Mixed MRF

Implementation details of the mixed Markov random field in bgms. Source: src/models/mixed/mixed_mrf_model.h and four .cpp files (mixed_mrf_model.cpp, mixed_mrf_gradient.cpp, mixed_mrf_likelihoods.cpp, mixed_mrf_metropolis.cpp).

Block structure

The mixed MRF handles \(p\) discrete and \(q\) continuous variables. The parameter space is organized into three interaction blocks plus main effects:

Block	Parameters	Size
Main effects	Discrete thresholds + continuous means	\(\text{thresholds} + q\)
Discrete-discrete	Pairwise discrete interactions (symmetric)	\(p(p-1)/2\)
Cross-type	Discrete-continuous interactions	\(p \times q\)
Continuous-continuous	Cholesky factor of the precision matrix	\(q(q+1)/2\)

All five blocks are updated jointly by NUTS. The continuous precision matrix is parameterized through its Cholesky factor \(R\) (with diagonal entries on the log scale) so that positive definiteness is guaranteed by construction. The gradient includes the Jacobian of the Cholesky-to-precision mapping.

Parameter vector layout

The model distinguishes three vector types:

Active vector (`parameter_dimension()`)

Contains the parameters that NUTS updates, excluding edges set to zero by edge selection. The Cholesky block is always fully included:

[ thresholds | discrete interactions (active) | means | cross-type (active) | Cholesky (all) ]

The mass matrix and gradient are dimensioned to this vector.

Full vector (`full_parameter_dimension()`)

Contains all parameters including inactive edges:

[ thresholds | discrete interactions (all) | means | cross-type (all) | Cholesky (all) ]

Used for storage and initialization.

Storage vector (`storage_dimension()`)

Identical layout to the full vector. This is what gets saved to ChainResult::samples at each iteration.

Sampling strategy

Each MCMC iteration updates the full active parameter vector (all five blocks) in a single NUTS step. The logp_and_gradient() method computes the log-pseudoposterior and gradient for the entire vector, including the Cholesky block with its log-determinant Jacobian.

When edge selection is active (or the initial graph is sparse), the model reports has_constraints() = true and the NUTS sampler switches to constrained (RATTLE) integration, using logp_and_gradient_full() and projection callbacks to enforce zero entries for excluded edges (see Constrained Leapfrog (RATTLE)).

Edge indicator updates (when active) operate on all three interaction blocks.

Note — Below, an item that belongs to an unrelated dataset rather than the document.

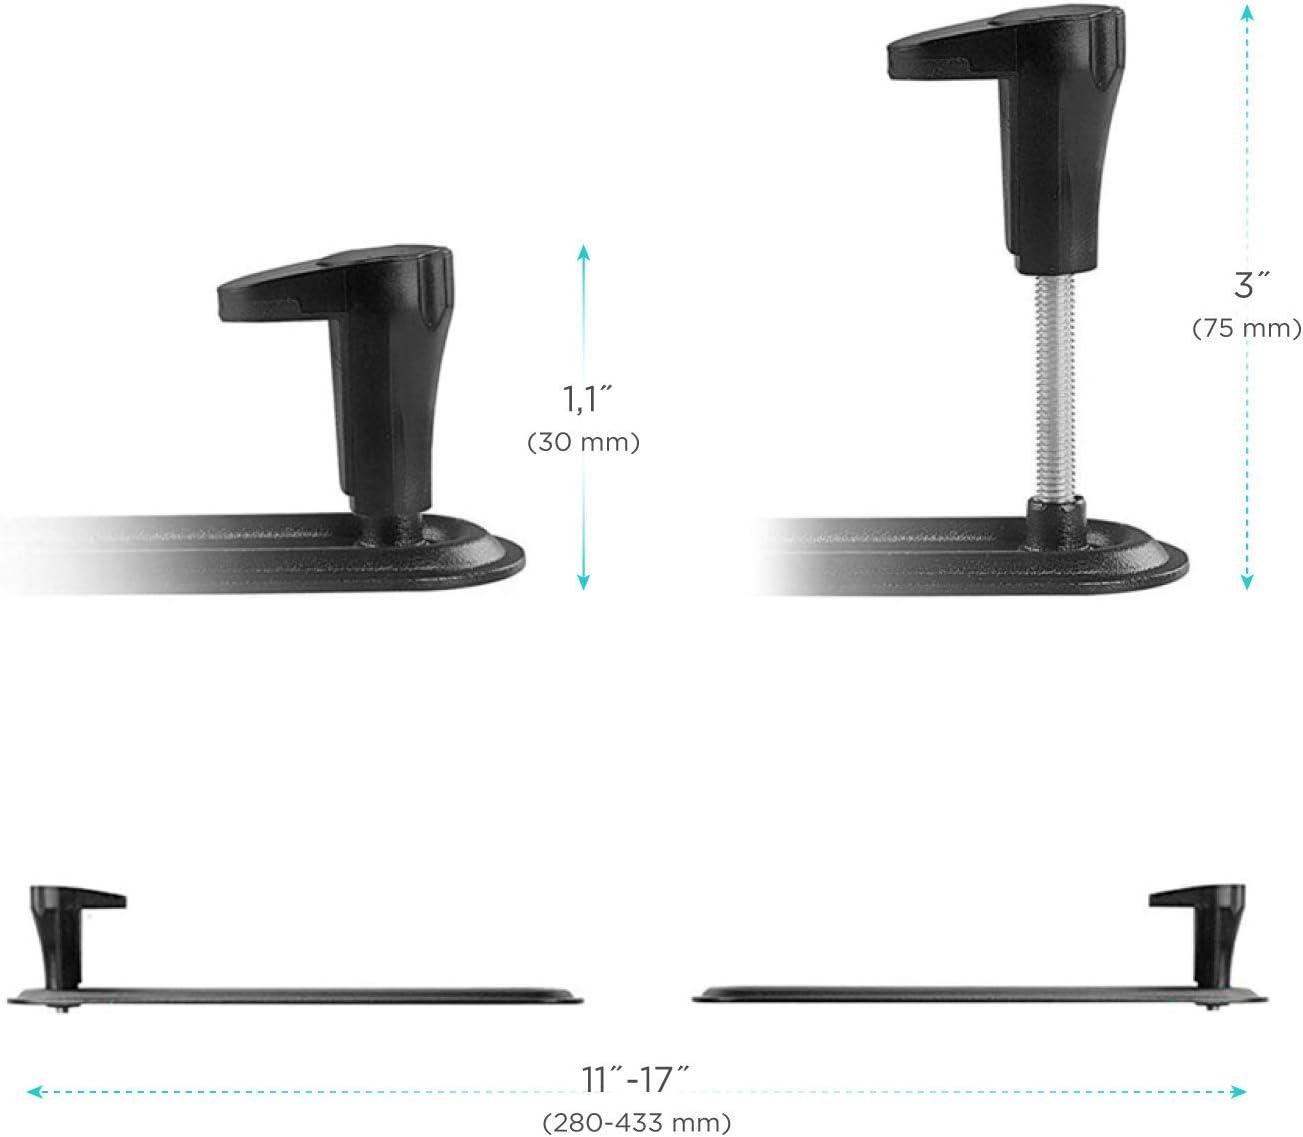 "ONKRON VESA Mount Bracket Non-VESA Monitor Arm Mounting Kit for Screen 17"" to 27- inch VESA 75x75 mm"

The model also provides a component-wise adaptive Metropolis fallback (do_one_metropolis_step()), used when the sampler is set to "adaptive-metropolis". In Metropolis mode, each parameter is updated individually with Robbins–Monro-tuned proposal SDs targeting an acceptance rate of 0.44. Off-diagonal precision updates use a rank-2 Cholesky update; diagonal updates use rank-1.

Gradient computation

The gradient (mixed_mrf_gradient.cpp) covers all five parameter blocks in the NUTS vector. It involves:

Discrete conditionals — Category probabilities via Variable Helpers, contributing gradients for thresholds and discrete pairwise interactions
Cross-type terms — Contributions from discrete-continuous interactions to both discrete and continuous conditional distributions
Continuous means — Gradient of the continuous-variable contribution to the pseudolikelihood
Cholesky block — The precision gradient \(\bar{\Omega}\) is computed from the GGM conditional contribution and the conditional-mean coupling, then mapped to the Cholesky gradient \(\bar{R} = R(\bar{\Omega} + \bar{\Omega}^\top)\). Diagonal entries use the log-scale Jacobian: \(\partial\ell / \partial\psi_j = \bar{R}_{jj} R_{jj} + (q - j + 1)\).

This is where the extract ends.